Austria's self-styled fourth MNO in 5G launch

via Flickr © Takashi Hososhima (CC BY-SA 2.0)

via Flickr © Takashi Hososhima (CC BY-SA 2.0)

  • MVNO Spusu to roll out own network
  • Aims to take part in second 5G auction in 2020
  • Will also launch as an MVNO in Italy in Q1

Austria has been a well-balanced mobile market for years. There was a period of hyper-competition a decade or so ago, but the market has since settled into a three-way battle between Telekom Austria, T-Mobile and 3 Austria – a sensible number of providers to serve a population of under 9 million – with a measured regulatory regime: only last month the Regulatory Authority for Broadcasting and Telecommunications (RTR) detailed plans for an investment-friendly 5G auction in 2020.

However, a relative newcomer to the market could change all that. Mobile virtual network operator (MVNO) Spusu, which has offered services using 3's network since mid-2015, is reportedly looking to establish itself at the country's fourth network operator and as part of that process plans to launch a 5G service as early as this week.

While not all elements of the story stack up at this stage, there seems little doubt that the company has ambitious plans that will have an impact on the big three. And mobile providers in neighbouring Italy will need to watch their backs too.

Spusu picked up regional spectrum licences in Burgenland and Lower Austria in Austria's first 5G auction in March. While those licences are valid only from the start of 2020, Der Standard reports that the firm will launch its 5G network in parts of those regions on Friday. Host operator 3 has a limited 5G service in parts of Vienna, in Lower Austria, but no coverage in Burgenland yet, and besides, it seems a little early for the telco to allow an MVNO to use its limited 5G infrastructure. We're still waiting for clarification from Spusu on what exactly the 5G launch will entail.

Whatever its plans for 5G in the immediate future, the fact remains that in the longer-term the MVNO aims to become a network operator. It has made it clear that it intends to remain a 3 customer, but will build out its own network in parallel.

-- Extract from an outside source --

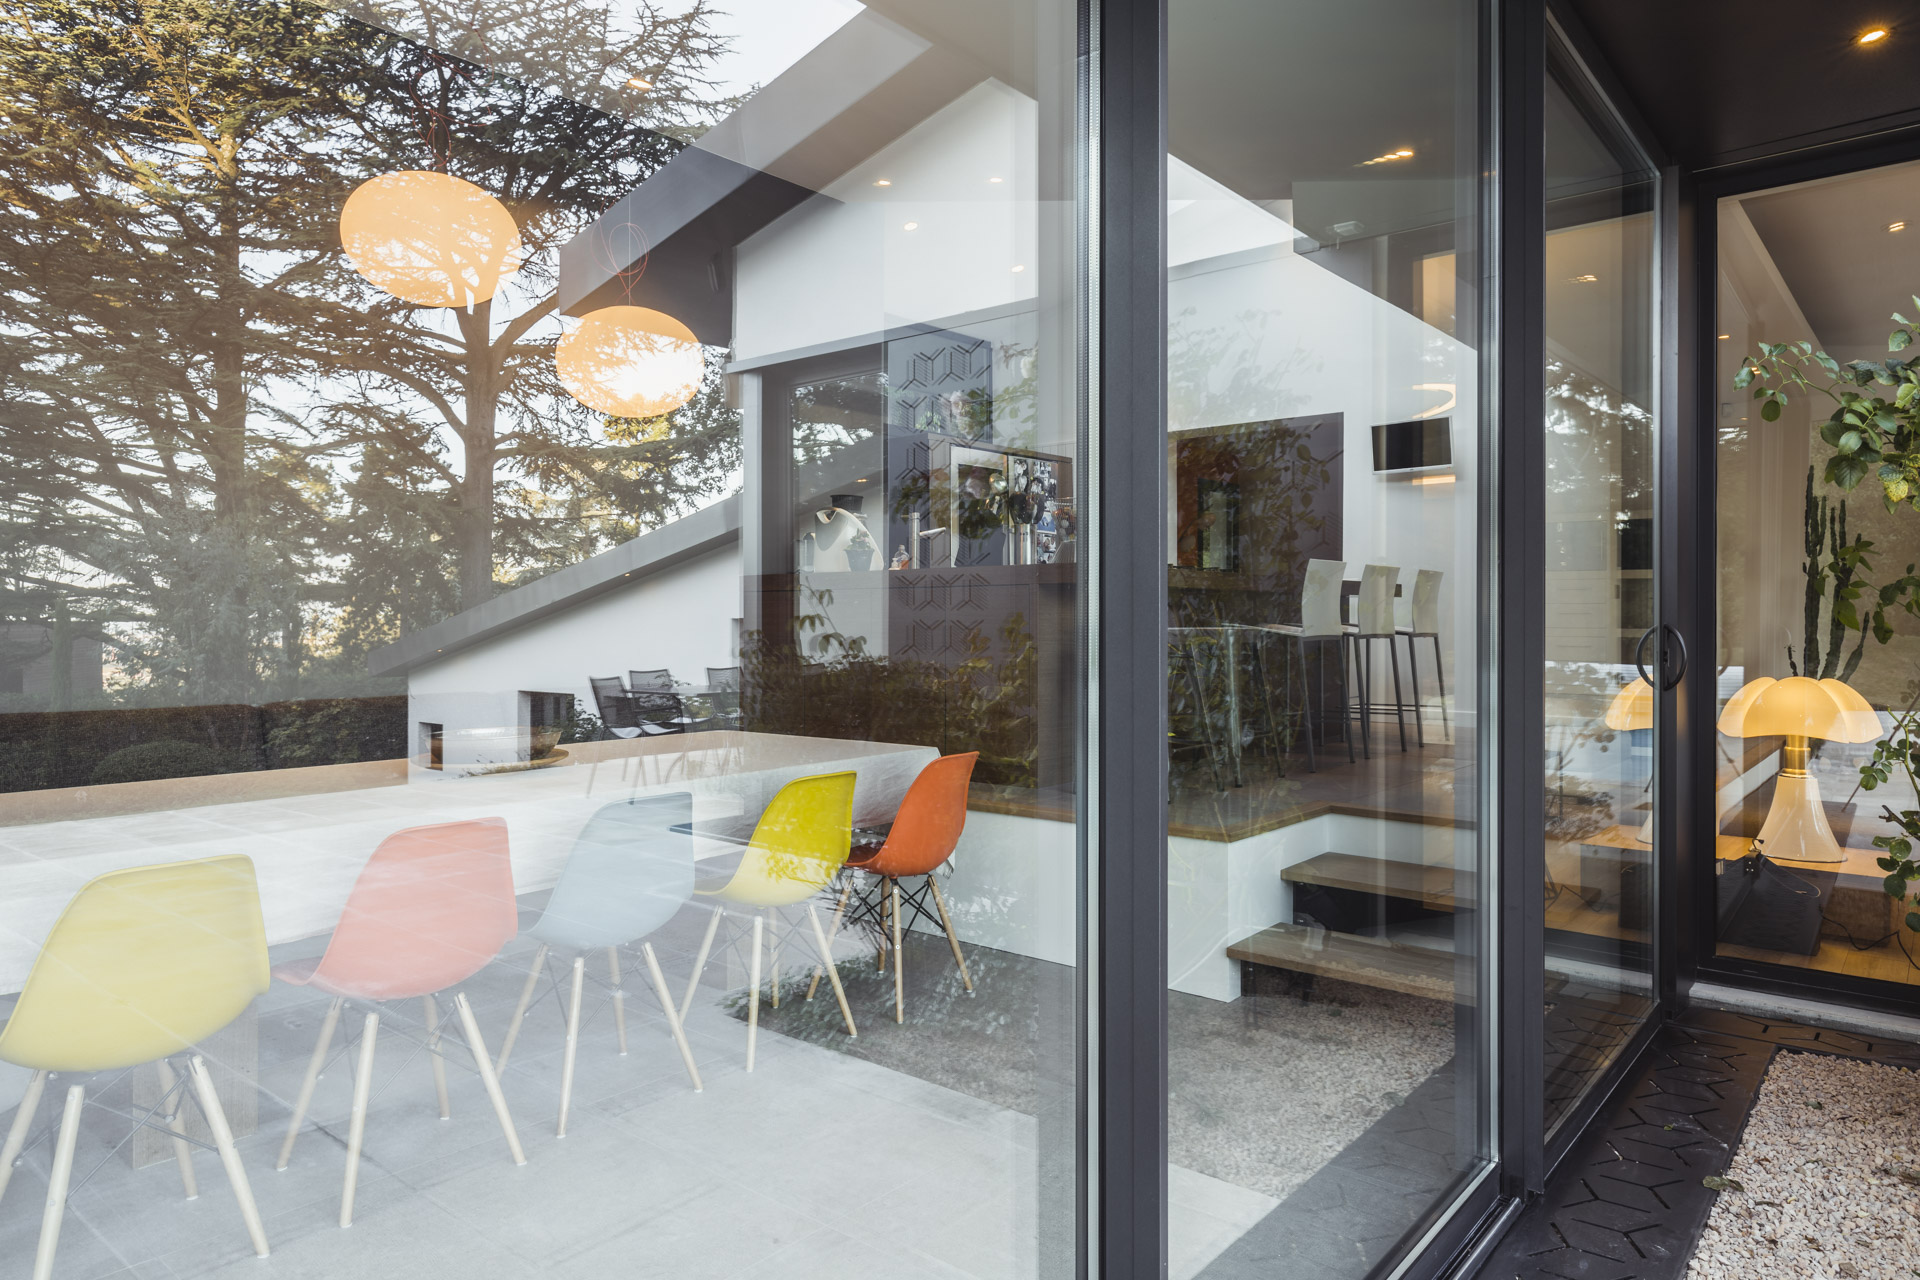 baie vitrée moderne et design

Initially its focus will be on serving customers who do not currently have a good mobile service.

"The frequencies may not be used until 1 January 2020," said Spusu CEO Franz Pichler, when the RTR confirmed the first lot of 5G spectrum awards in May. "For us, this is the deadline on which we start in various industrial areas, as well as in regions where there is still no good 3G or LTE coverage."

Next year's auction of frequencies in the 700 MHz, 1500 MHz and 2.1 GHz bands will likely tell us more about Spusu's appetite for investment and its ability to cover more of Austria with its own network.

It is already clear though that Spusu's ambitions extend beyond Austria's borders into neighbouring Italy.

The company plans to launch a new Italian MVNO on Wind Tre's network in the first quarter of this year and indications are that it will join Iliad as a price discounter in the market.

Spusu itself insists its focus is on flexibility as much as on price. The company, which is owned by Austrian tech firm Mass Response – a provider of televoting technology, amongst other things -- develops its own software and as a result can come up with a price plan in the morning and have it available for purchase by the afternoon, Christian Anton, who is managing Spusu's expansion into Italy alongside Karl Katzbauer, told Mondo Mobile Web earlier this month. Reading between the lines, one assumes a price plan presented in that way would be competitive, to say the least.

Thus Italy's operators have some more pricing pressure to look forward to next year, while their Austrian peers have a close eye on the fourth network operator.